高性能之軍事航空級轉子引擎之氣封元件加工技術一般為引擎製造商之機密技術關鍵，並不容易得知氣封元件使用的材料配方及加工製造製程。業界於轉子引擎氣封元件加工是先將合金鑄件研磨至所需加工尺寸，其送至放電線切割加工切割出所要之輪廓與尺寸。其缺點為線材成本高且耗時、合金鑄件在放電線切處因高溫產生熔融而相變及應力應變層而使得合金鑄件變形量增大，所以轉子引擎氣封元件之機械性能不佳、線材成本高和加工耗時等缺點。有別於業界以放電線切割製程。本研究針對轉子引擎之合金灰口鑄鐵氣封元件之特性開發新式加工製程技術。本計畫提出三種新製程方式來加工轉子引擎氣封元件: (a)車銑複合製程、(b)銑削製程以及(c)搪削製程，並自製新式砂輪磨削工具和自製球拋光工具，將合金鑄件於加工機上進行切削、研磨、拋光。

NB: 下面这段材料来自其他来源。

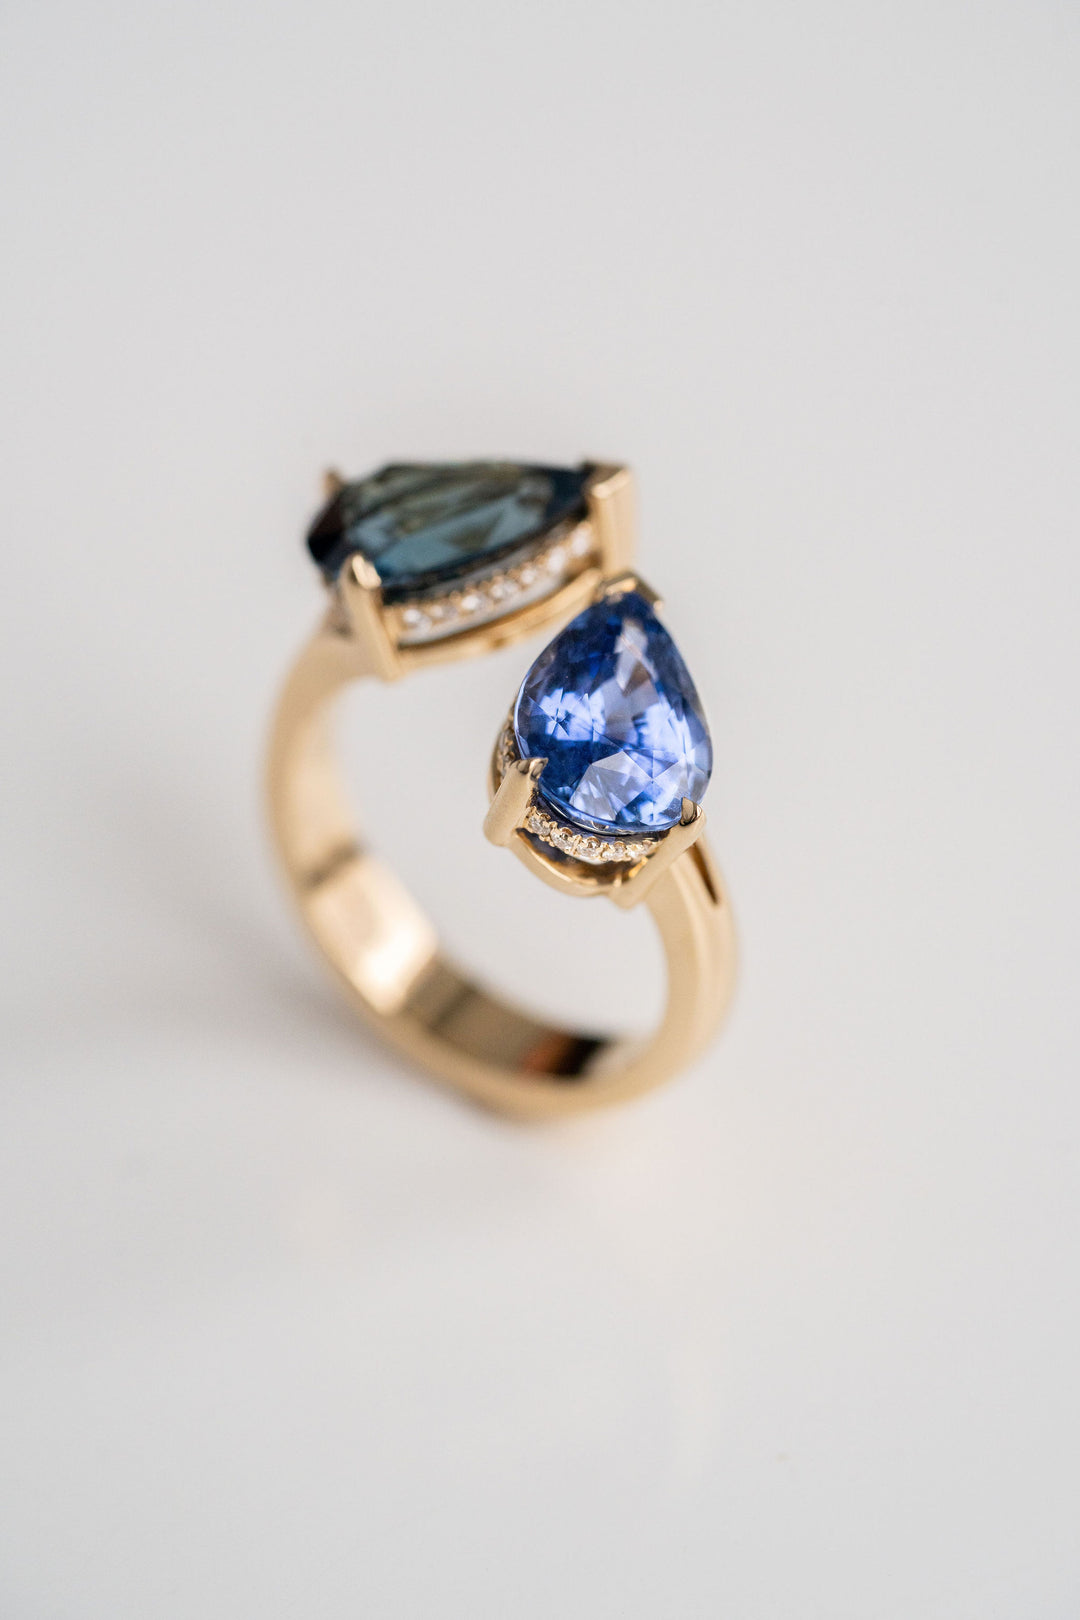 Pear Shape Blue & Teal Sri Lankan Sapphire Toi et Moi Gap Ring With Diamond Collar, 14k Yellow Gold

研究結果顯示，車銑複合加工製程擁有製程簡單、成本低、加工時間快之優點，但礙於鑄件形狀使得加工受到限制，且鑄件在夾持時油壓夾頭壓力與切削力之間難以從中取得適切之平衡，容易因壓力過重或過輕使鑄件產生應力變形或在切削過程中掉落，評估車銑複合製程並不適合加工轉子引擎氣封零件；在銑削精加工製程中，利用銑削取代車削鑄件以得到符合要求之尺寸精度及表面粗糙度氣封元件，且相較於放電線切割加工出之氣封元件有更佳尺寸精度，但此製程在CNC銑床粗加工時銑刀磨耗較快。為了因應量產之成本考量，所以本計畫在後期階段初步嘗試導入搪削加工製程來改善，相較於銑削製程，使用搪刀製程得到更佳尺寸穩定性氣封元件，但搪刀加工之氣封元件內徑(ID)表面粗糙度較差於銑削製程，未來將增加搪刀刃數、轉速及和進給來優化。綜合比較，新式加工製程相較於業界放電線切割製程縮減時間成本，車銑、銑削和搪削加工製程端面之表面粗糙度(Ra0.131µm)皆優於放電線切割製程之平均表面粗糙度。氣封元件之表面形貌經過研磨及拋光加工後獲得平均表面粗糙度Ra0.019 μm相較於銑削加工製程提升精度6.9倍。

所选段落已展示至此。